Ex-Archbishop George Carey's right to officiate as a priest is REVOKED
Former Archbishop of Canterbury George Carey has his right to officiate as a priest REVOKED over links to case of QC probed over abusing boys – leaving him ‘bewildered and dismayed’
- Lord Carey is no longer authorised to minister, the Church of England said
- Move comes amid probe into John Smyth QC, who is accused of abusing boys
- No allegations of abuse has been made against Lord Carey
The former Archbishop of Canterbury has said he is ‘bewildered and dismayed’ to have had his permission to officiate as a priest withdrawn.
Lord Carey is no longer authorised to minister within his diocese, the Church of England said, after new information emerged in relation to a review being carried out into a barrister who was accused of abusing boys.
There has been no allegation of abuse made against Lord Carey.
An independent inquiry was announced last year into the church’s handling of allegations against the late John Smyth QC, who allegedly abused boys at Christian camps.
Police had been planning on questioning Mr Smyth when he died in South Africa in 2018 at the age of 77.
Mr Smyth was alleged to have beaten children in the 1970s and 1980s while he was a leader at the Iwerne Trust camps.
Lord Carey is a former Archbishop of Canterbury (Kirsty Wigglesworth/PA)
A spokesman for the Diocese of Oxford said that in the course of the review ‘new information has come to light regarding Lord Carey, which has been passed to the National Safeguarding Team for immediate attention’.
The spokesman added: ‘Lord Carey’s PTO (permission to officiate) was revoked by the Bishop of Oxford on Wednesday 17 June.

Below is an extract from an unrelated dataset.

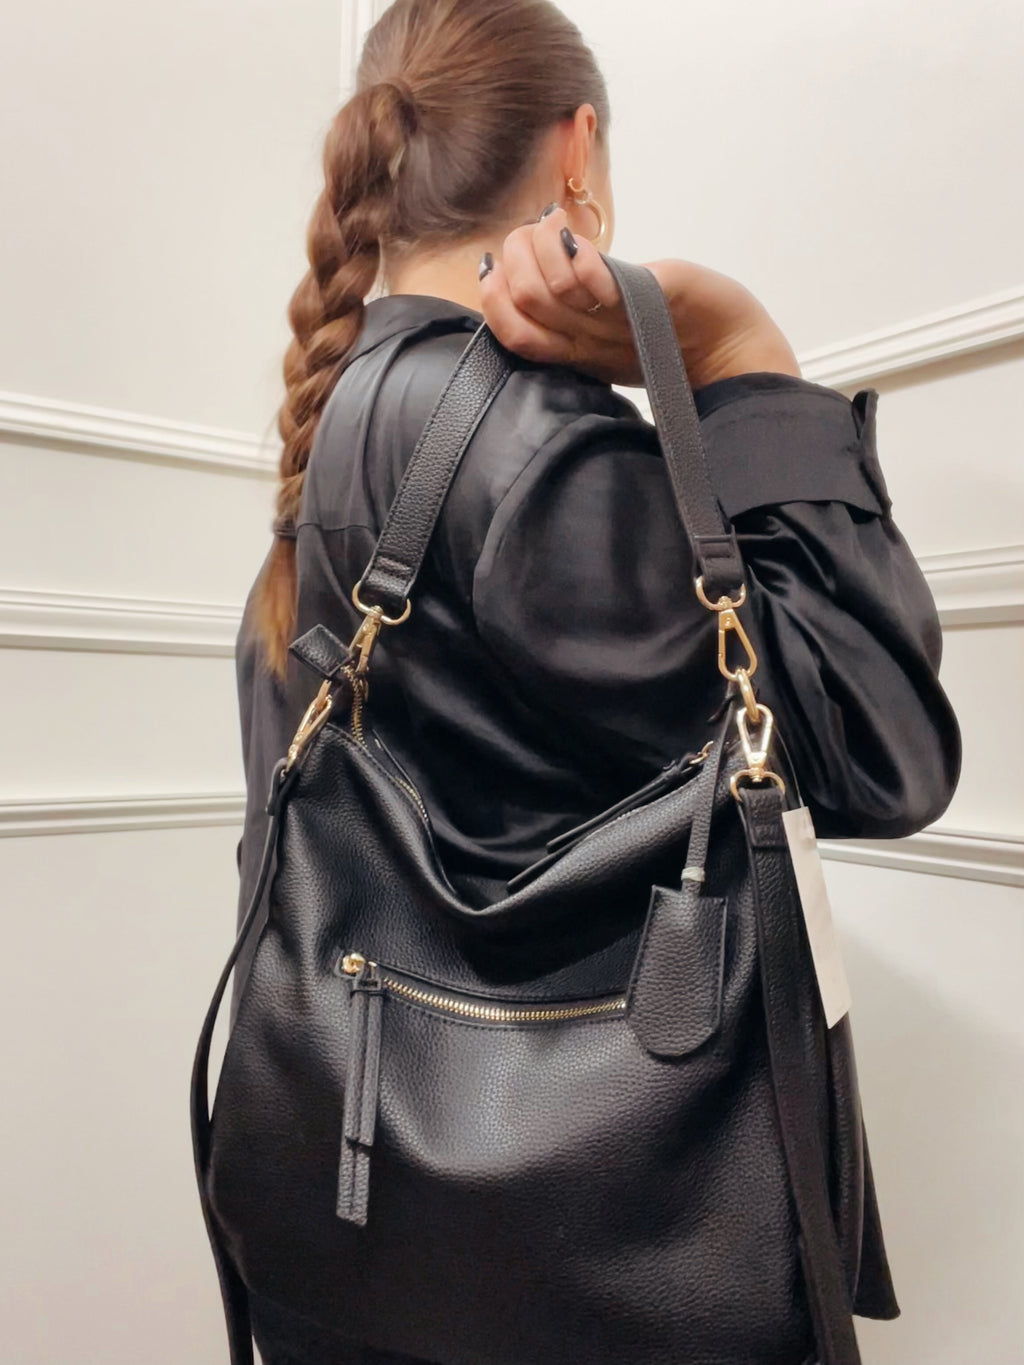  Fossil Women's Jolie Leather Hobo Purse Handbag, Black

Lord Carey is currently unauthorised to undertake any form of ministry in the Diocese until further notice.’
In a statement to Channel Four News, Lord Carey said: ‘I am bewildered and dismayed to receive the news a short time ago that due to concerns being raised during the review of John Smyth QC, I have had my PTO, my Permission to Officiate, revoked.
‘I have been given no information on the nature of these concerns and have no memory of meeting Mr Smyth.’